Bankruptcy and car loans
When a Michigan resident purchases a new car but then has difficulty making the monthly payments, giving up the car could still leave money that must be paid on the loan. If the lender sells it after a repossession for less than the loan balance, the remainder is called a loan deficiency. The lender can sue for it, or it could be taken by wage garnishment or other means. One option to eliminate a car loan deficiency is bankruptcy.
Bankruptcy can eliminate some types of debt, including a car loan deficiency. Bankruptcy filing stops most creditors from making any attempts to collect money owed. While some things aren’t covered by bankruptcy, including student loans, many debts are wiped out in Chapter 7 bankruptcy. Assets are liquidated to pay creditors, but some assets are excluded from liquidation. Usually the debtor’s home is excluded and often a primary vehicle is excluded, so it could be possible to keep a car by filing for bankruptcy. The lender may be willing to allow a new payment plan with lower payments for the car rather than repossessing it.

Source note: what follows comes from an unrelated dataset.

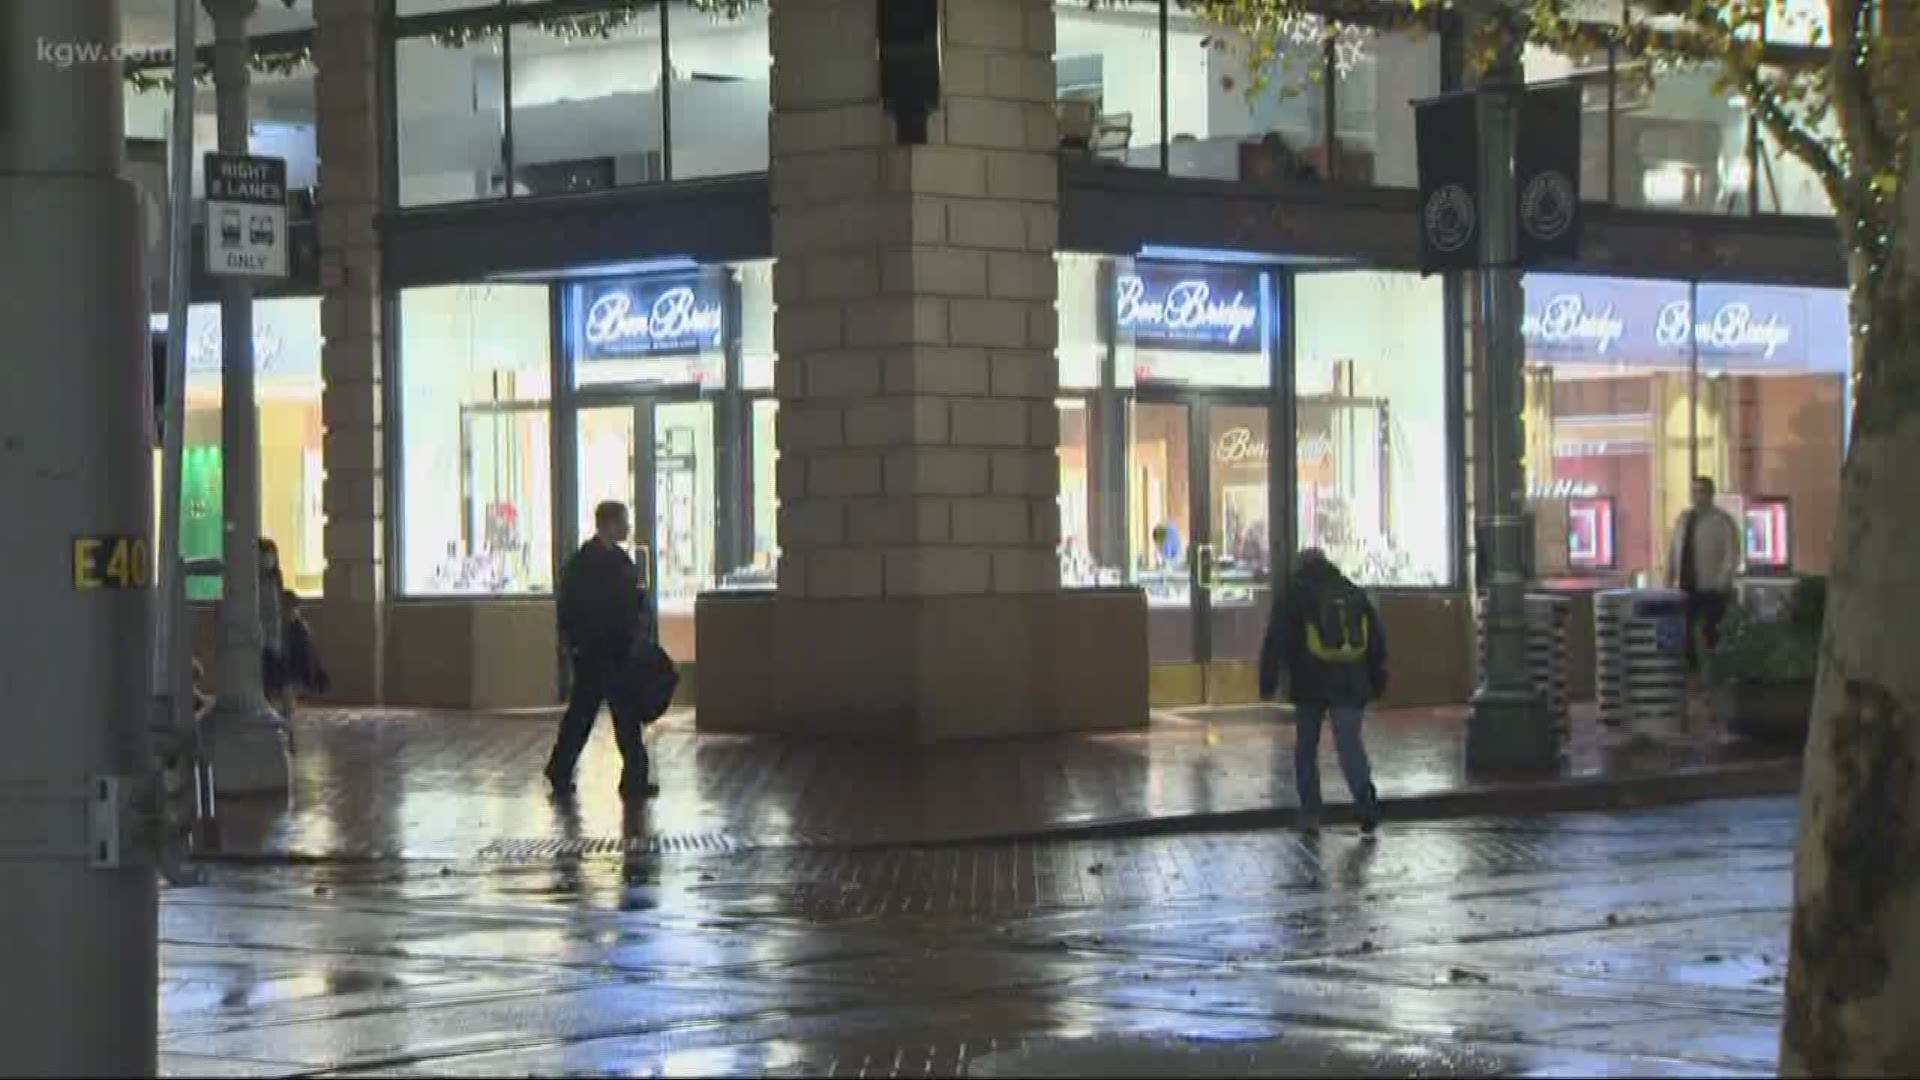 Portland addresses enhanced safety measures downtown for holiday shoppers.

The decision to file is one that will likely have a major impact on a person or couple’s financial future. Chapter 13 is another option, which instead of liquidating assets lets the debtor make affordable payments for a few years to pay off some of thedebt before the remainder of it is discharged.
If someone has given up their car and then filed for bankruptcy, getting a new car loan or other credit could be difficult because bankruptcy stays on someone’s record for up to 10 years. To help make a decision about bankruptcy or other options for debt relief, a person who is facing overwhelming bills could consult an attorney to learn about the available choices.